A few minutes, NJT Train 3930 comes in (NJT has a storage year across the Delaware River in Morrisville, Pa., to avoid crossing over four main tracks in the middle of the busy Northeast Corridor main at Trenton Station) right where I got off the SEPTA local.

A goodly crowd of New York and Newark commuters boards the string of 12 Arrow III multiple-unit cars dating from the 1970s, and we find our seats. I'm in my favorite spot: a window seat on the left-hand side. This way I don't have the sun in my eyes when I'm reading, and everything is front-lit when I look out the window. I'm in the lead car, No. 1441, and although I can't see out the front like I could back in day, I'm a happy camper.  

It's 8:09, and we're off. We're staring out at Milepost 56.7, measured from Penn Station, and we stay on Track 1 (the eastbound local track) for our two upcoming stops. The first "new" thing I notice on leaving Trenton is the area where the old freight yards used to be east of the station has been cleared of brush and rubble.

As we go east, the scene is the same: open spaces where there used to be trees (some up to a foot in diameter) and underbrush. All of a sudden I can see the distant trees, neighborhoods, and adjacent highways. It's a lovely blue-sky Kodachrome day, and the low golden-hour shadows make every shadow crisp and every detail stand out. We make our two station stops six miles apart, and it's non-stop to Newark with a full train.

The signs of the clearance program continue (my NJT friend tells me it's stimulus money). I can clearly see the freight runner to J&J west of New Brunswick, the former Lehigh Valley right-of-way where it crossed under the Penn at Metuchen, and the adjacent highway at Iselin. To the casual observer, that may not seem like a lot, but when you've been looking at the same scene for a long time and suddenly have the veil lifted, especially in crisp light, the effect is something to behold.

So here we are rollicking along at a buck and a quarter, observing the passing scene, when every few minutes we pass a westbound train. Passing another train running at the same speed in the opposite direction takes my breath away. I'm reminded of high-speed meets inside the tunnels of Japan's Tokyo-Kyoto line when I was there in the 1960s.

Going through Linden I see the old GM plant is completely gone, and the adjacent rail yard is empty. No cars, no locomotives, no nothing. As we approach Elmora, the east end of the six-track main that starts in Rahway, I see a paved access road being laid down in the clear space between the outside main and a new cyclone fence that had been attached to the safety rails marking off a parking lot.
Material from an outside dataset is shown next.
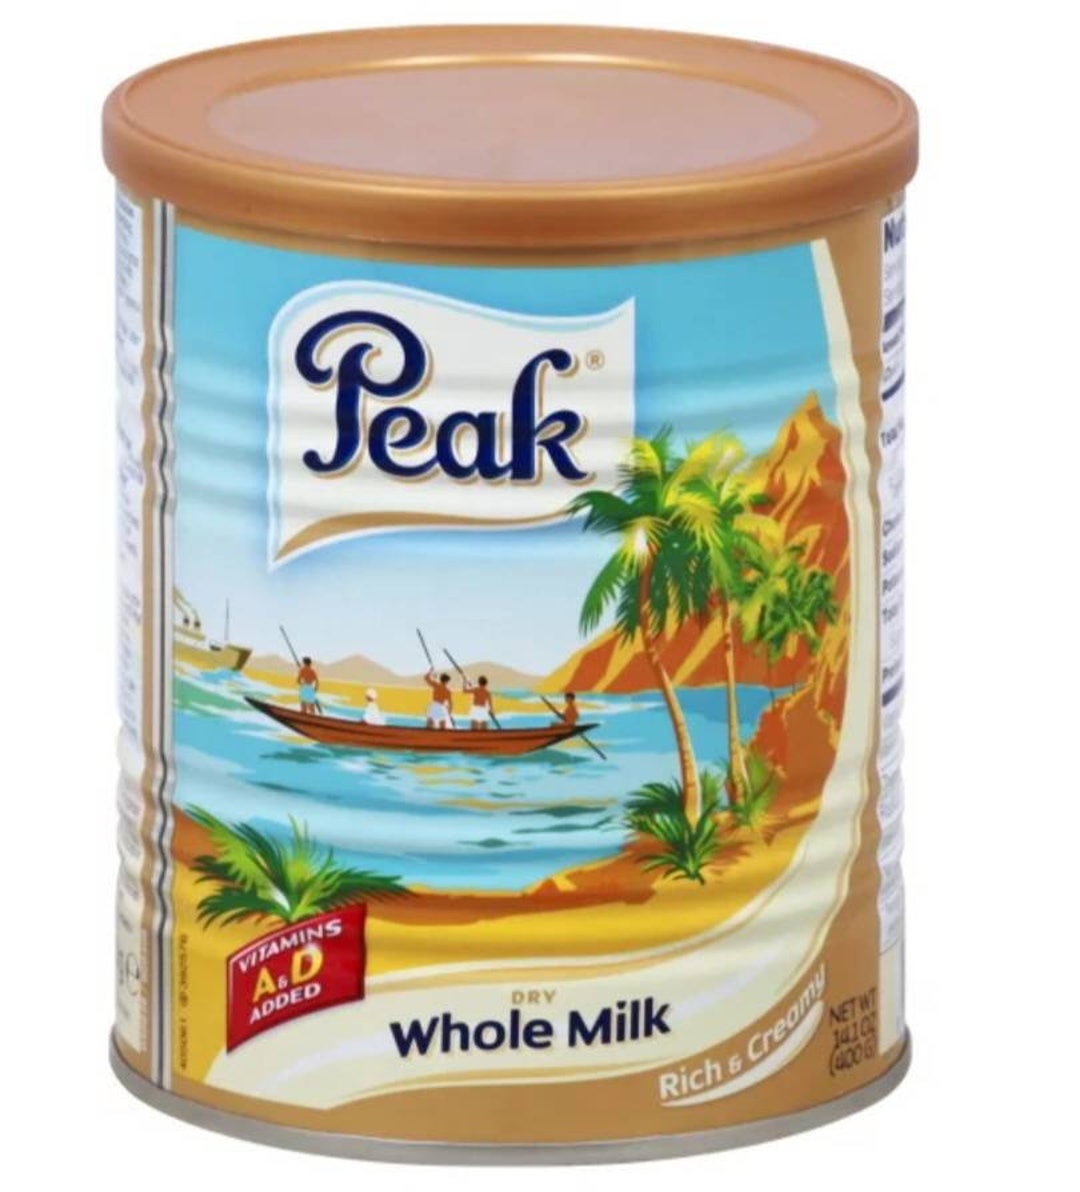 Peak Dry Whole Milk 400g/ Peak Instant Full Cream Dry Whole Milk Powder ...

The old Staten Island Railway overpass is unchanged.

East of the North Brunswick station, the site of the former PRR Waverly Yard is a field of weeds, dominated by the Newark Airport Monorail that runs around the Newark Airport Station. At Control Point Hunter, there are no more GG1s waiting for their Lehigh Valley Railroad passenger trains that ran into Penn Station. This service ended before my time, but I can remember the wayside signs and grease spots.

As we pull into Newark station I see that the Port Authority Trans Hudson trains have new cars, a far cry from what the PRR used when it started the "Hudson Tubes" a century ago. I gather my belongings and step out onto the high level Newark platform. I notice how closely the overhead structures mirror those found in Philadelphia 30th Street at Chicago's Union Station. The PRR lives on.

And a good thing, too. What better tribute to this fallen flag than to have NJT Train 3930 and its mates running at GG1 speeds on track that was laid out 80 years ago and using essentially the same position light and cab signal system?
 
I'll be back out there in a month, and I'll betcha I see something new.